Читаем Хребты Саянские. Книга 3: Пробитое пулями знамя полностью

И когда Лебедев говорил каждому:

— Как стемнеет, идем на прорыв, — лица рабочих сразу светлели.

— Вот это правильно! Эх, Егор Иванович, сразу бы нам послушать тебя…

На баррикадах, которые защищала рота Заговуры, солдаты слушали Лебедева, хмуро отмалчиваясь. Заговура прежде успел им внушить, что есть только одно спасение — сдаться Кто-то даже спросил:

— А когда поднимать белый флаг будем?

Лебедев ответил:

— Не будем!

Заговура, все время молчавший, сказал:

— Когда уйдут те… кто не хочет сдаваться.

И Лебедев почувствовал, что эти слова Заговуре дались нелегко. Обезволенный страхом, он все же не хотел стать подлецом.

Они обошли весь двор и вернулись в здание главного цеха. Здесь их нагнал Буткин.

— Лебедев, я все же не могу молчать! Долго вы будете продолжать это безумство’? — выкрикнул он, забегая вперед и становясь на пути. — Я спрашиваю: долго?

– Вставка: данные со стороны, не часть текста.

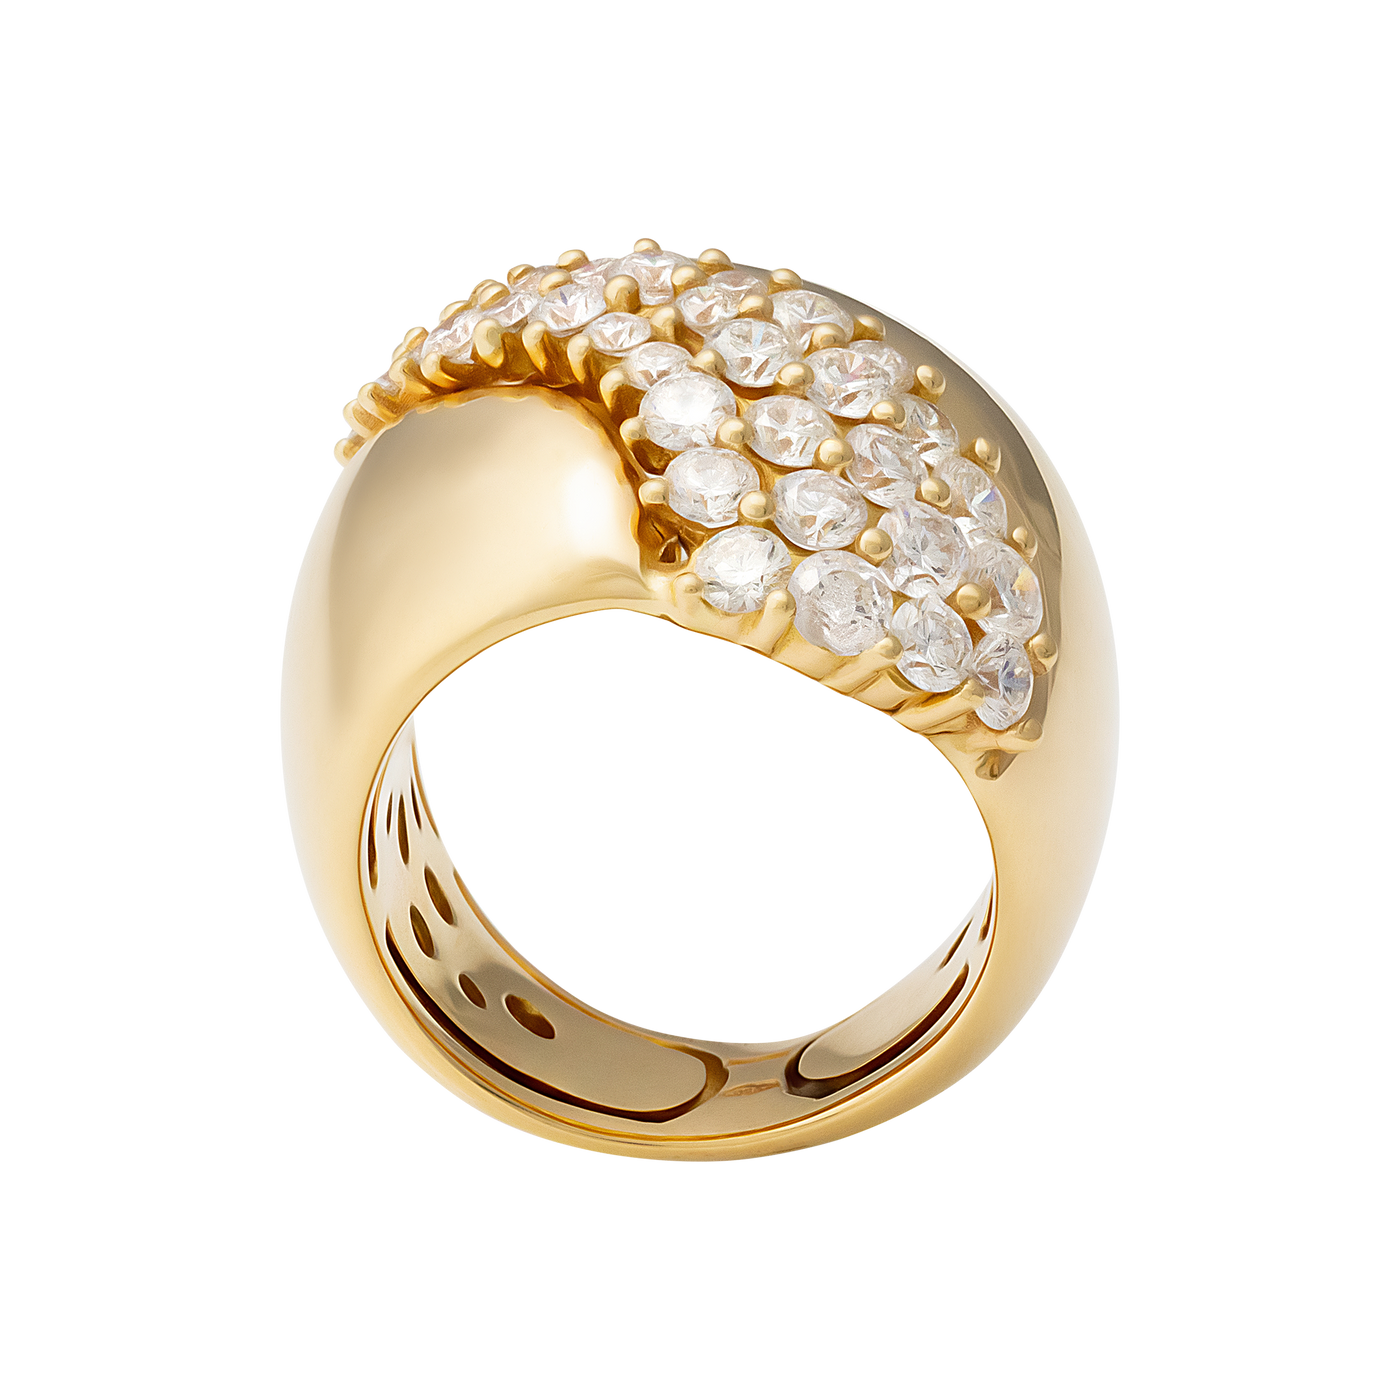 Stefan Hafner 18K Yellow Gold 1.98ct Diamond Ring

Лебедев даже не замедлил свой шаг, хотя в виски ему так и ударило бешенство. Ответил он совершенно спокойно:

— Пока не выведу отсюда людей. Вы, если хотите, тоже можете сдаться. А истерики прекратите немедленно. Я требую.

Буткин просверлил его ненавидящим взглядом.

На короткое время в нарядной собрался комитет. Обсудили только подробности: как сгруппироваться, идя на прорыв, и как, потом, рассыпаться по пустырю, и кому уходить на нелегальные квартиры. Все остальное было ясно.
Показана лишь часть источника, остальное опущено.